WHAT YOU WILL DO: Your answer must be only the lines below from the one containing "jessica_tach_nhom_hoat_dong_rieng_doisongphapluat_1" through the one containing "roc retinol", copied exactly, with the pictures left out.

EXCERPTED DATA below:

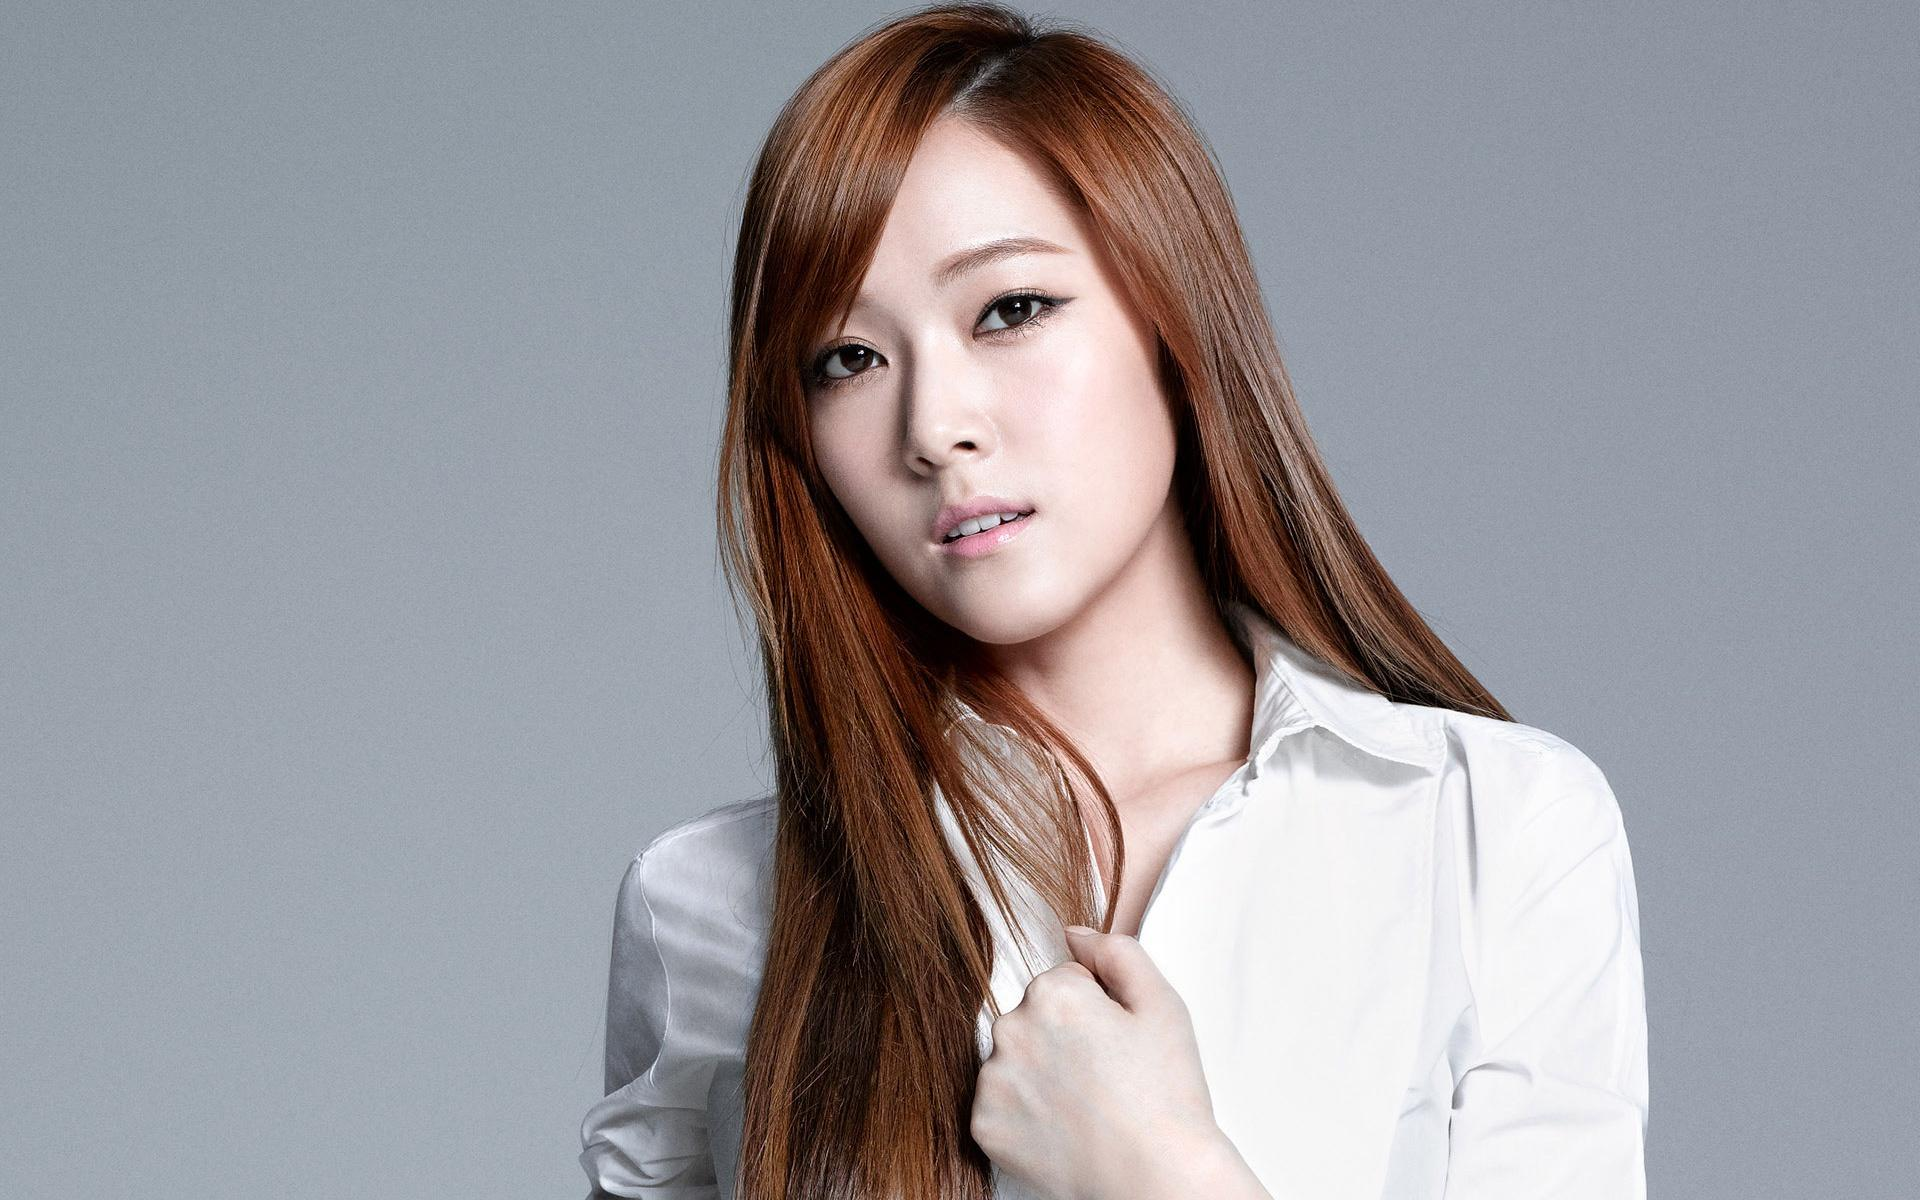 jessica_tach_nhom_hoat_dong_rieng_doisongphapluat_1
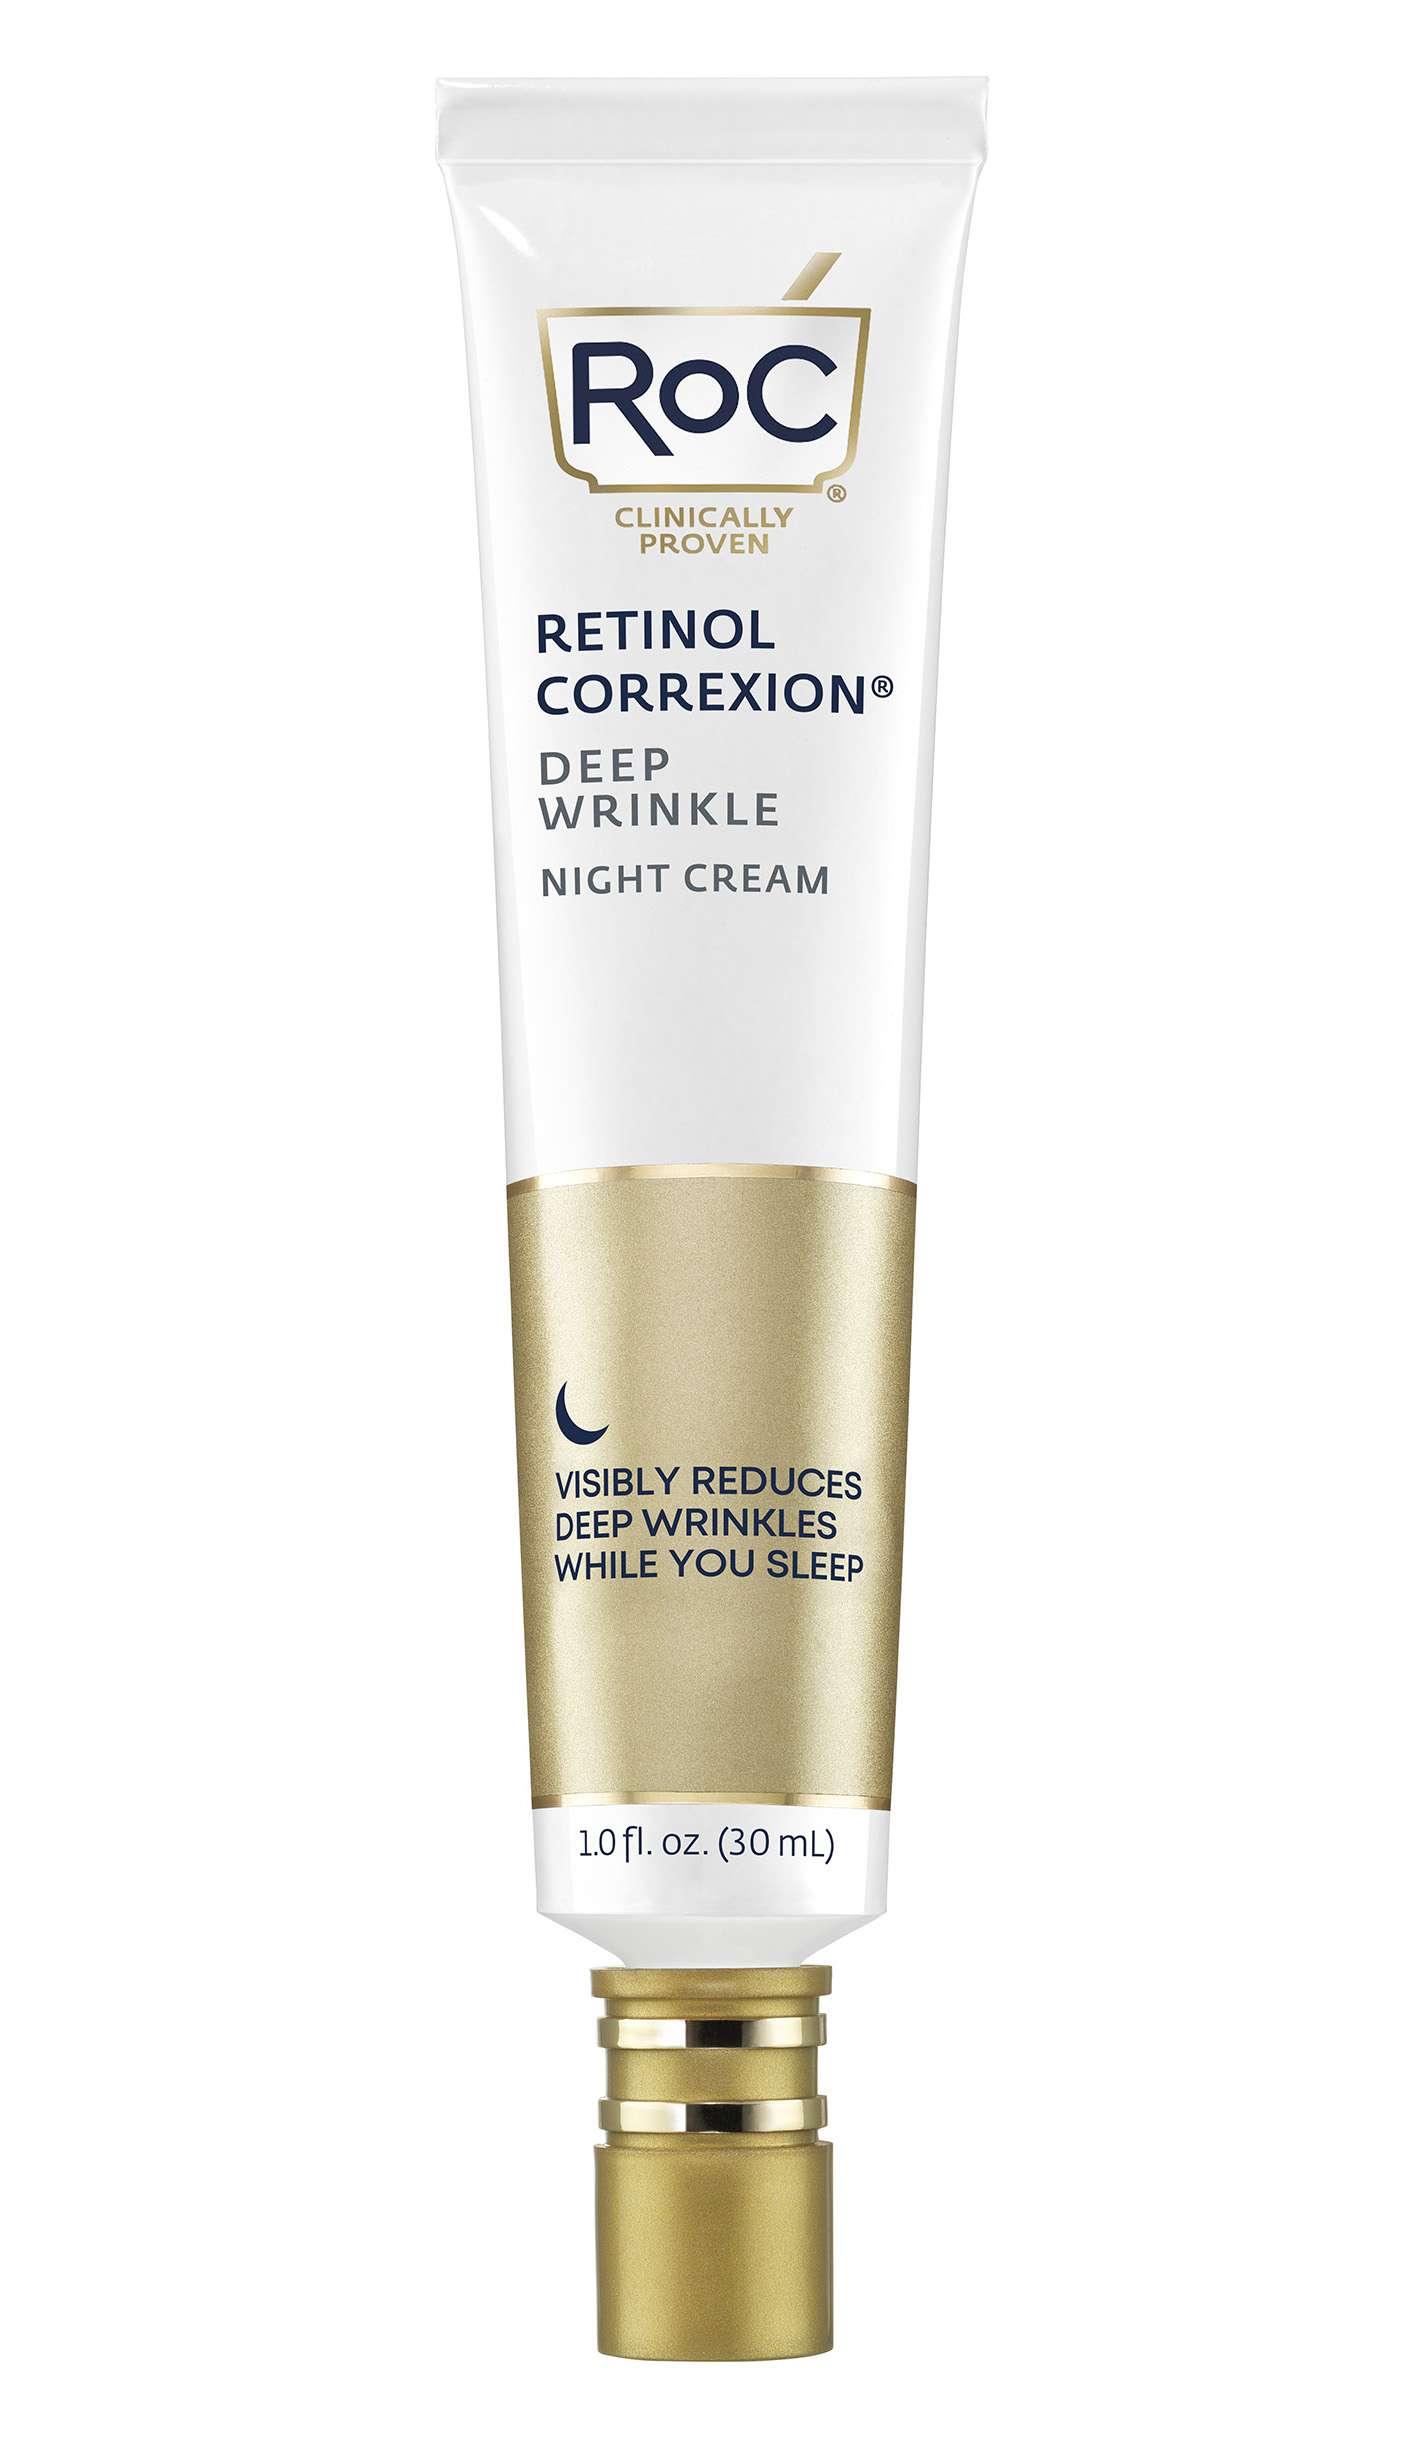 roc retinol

End of EXCERPTED DATA.
EXCERPTED DATA below:

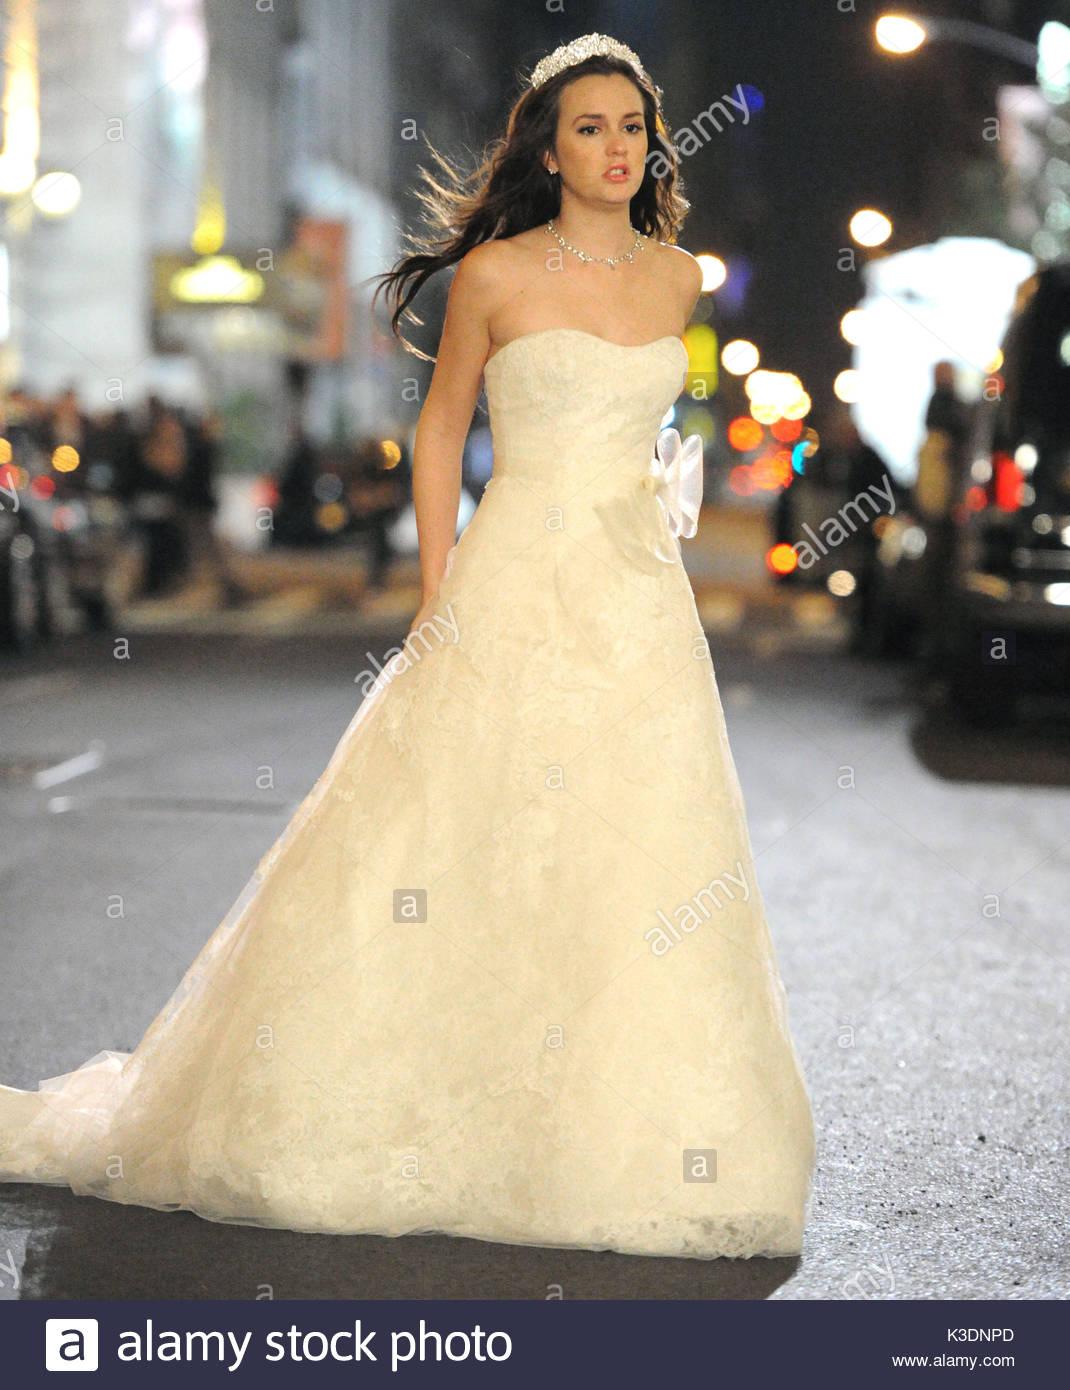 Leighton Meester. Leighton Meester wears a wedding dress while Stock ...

End of EXCERPTED DATA.

TASK RESPONSE:
 jessica_tach_nhom_hoat_dong_rieng_doisongphapluat_1
 roc retinol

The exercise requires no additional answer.